Explosion with the mass of Chandrasekhar

In the case of the simply degenerated models, the significant parameter is the accretion rate. An explosion takes place only if this accretion rate has a relatively precise value. In particular, if one exceeds a breaking value (), there is formation of a layer common to both stars which can involve a gravitational collapse. On the other hand, if this accretion rate is below a certain value, there is appearance of nova which involves losses of mass higher than the accrétée mass. For a little higher rates, there is appearance of a layer of helium which involves flashes. This difficulty seems to be solved by the taking into account of the stellar wind. It seems, indeed, being an essential phenomenon to see the dwarf white one reaching the mass of Chandrasekhar.

$$\dot M_c = 0.75 .10^{-6}(\frac{M_{NB}}{ \rm\, M_\odot } -0.40) \rm\, M_\odot .y^{-1}$$ (5.20)
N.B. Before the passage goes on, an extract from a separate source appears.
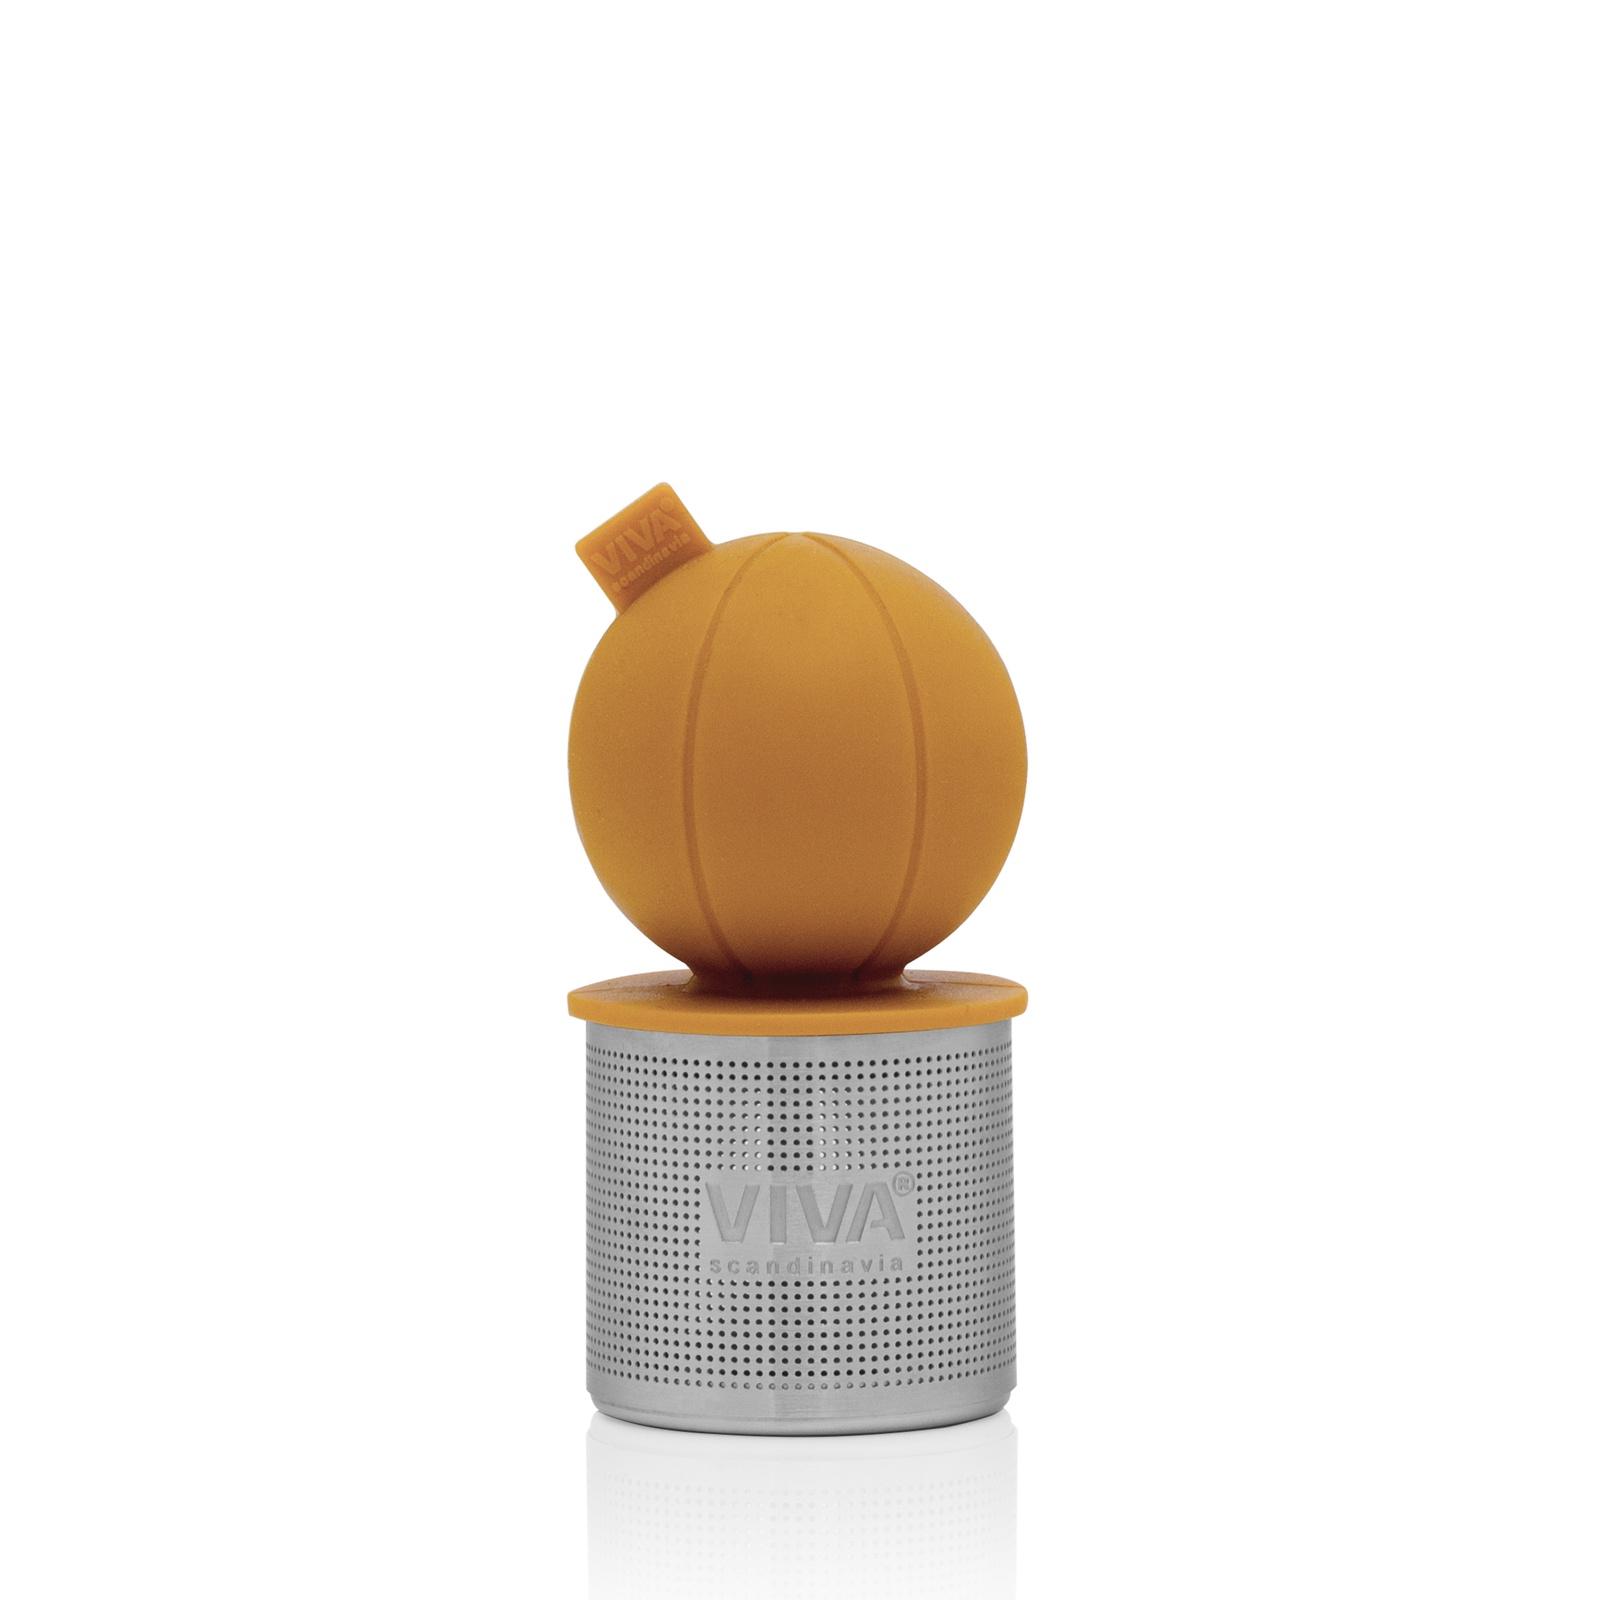 Ситечко Viva scandinavia Поплавок V77653 для заваривания чая, оранжевый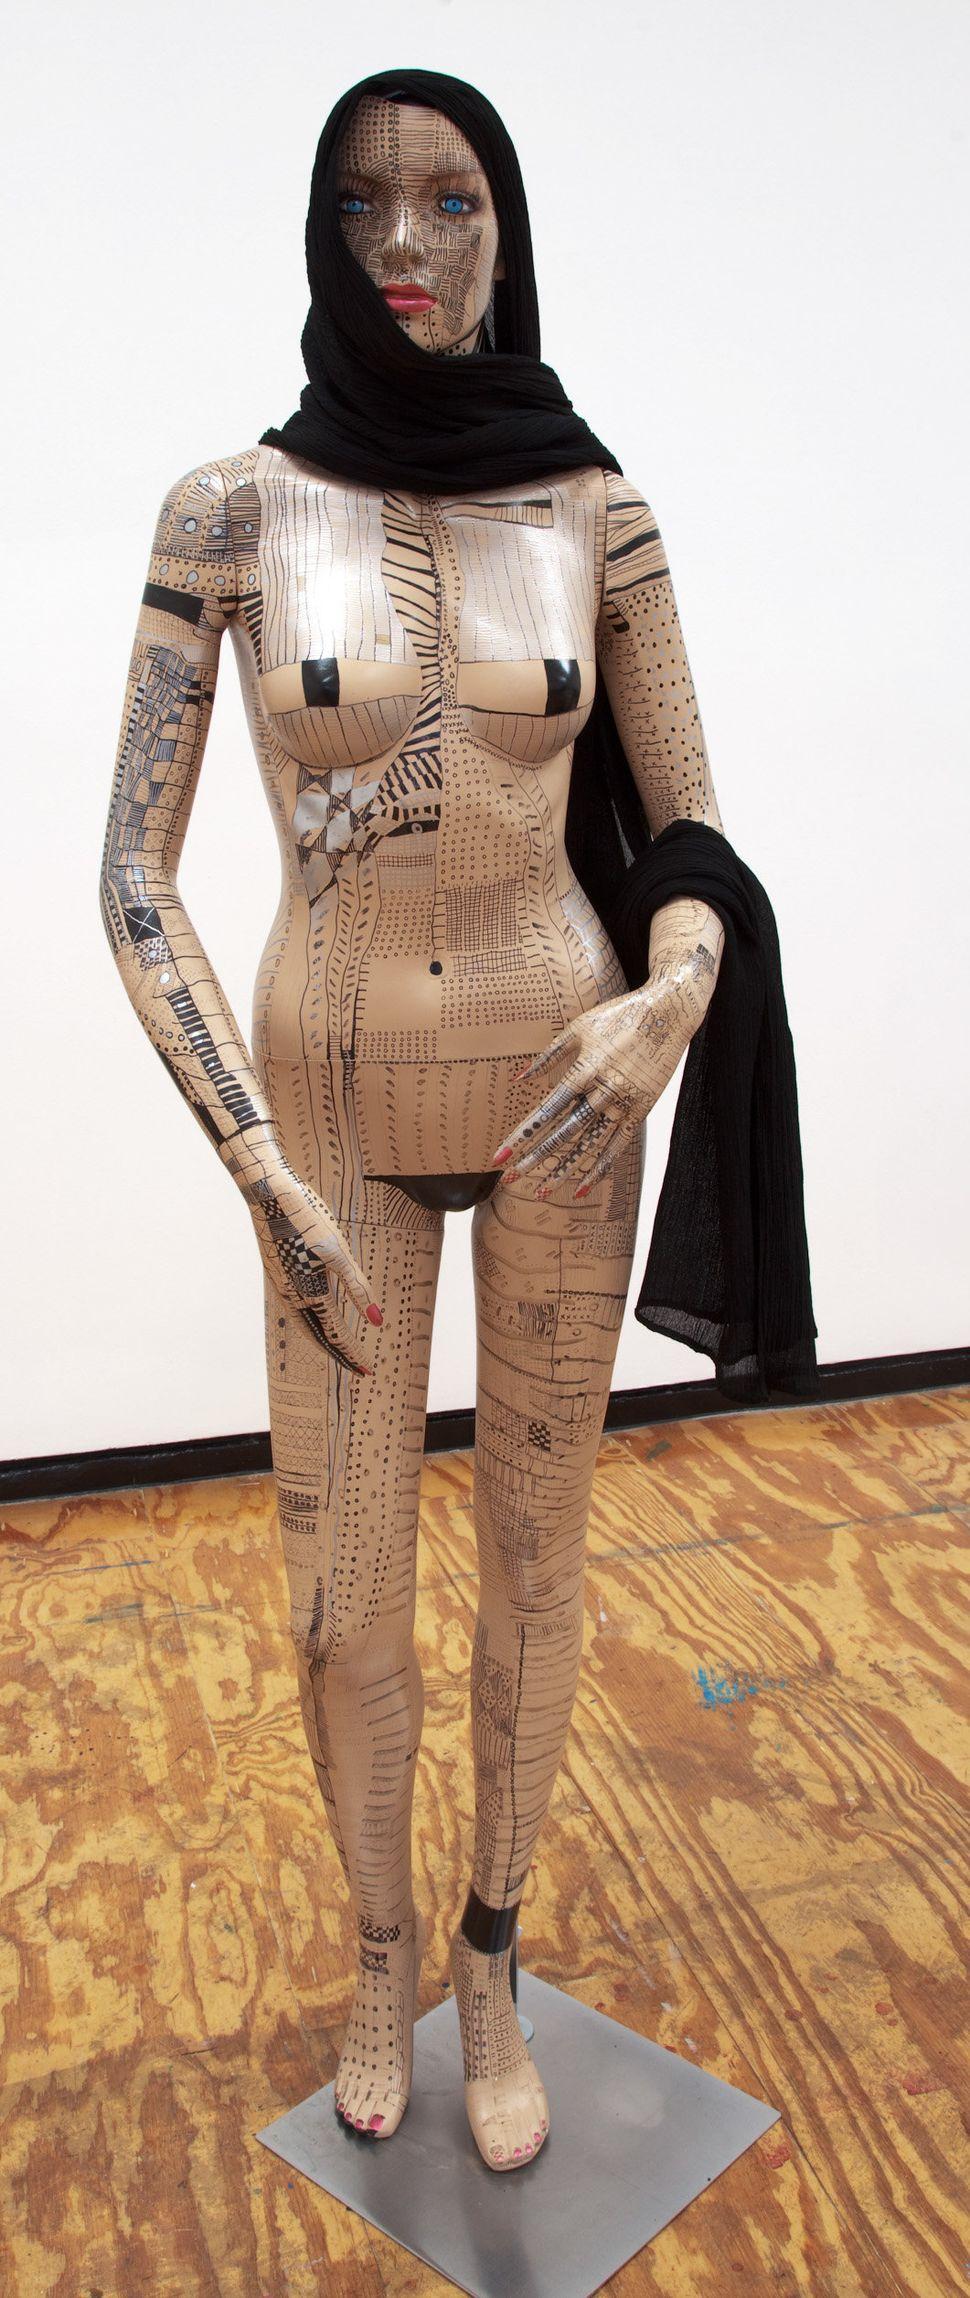 Mannequin, 2010, ink, mannequin, headscarf.

is the accretion rate for which a static burning takes place on the surface of dwarf white. When the accretion rate reaches this value, the dwarf white one dilates to reach $0.1 \rm \, R_\odot$. If the wind is sufficiently strong, it can prevent the formation of the common envelope. The fusion of hydrogen makes it possible to increase the mass of dwarf white. This fusion involves an increase in the layer of helium. When this layer reaches a limiting mass, there is appearance of a helium flash. A fraction of this layer is then puffed up but a substantial part is converted into carbon and oxygen to increase the heart of dwarf white.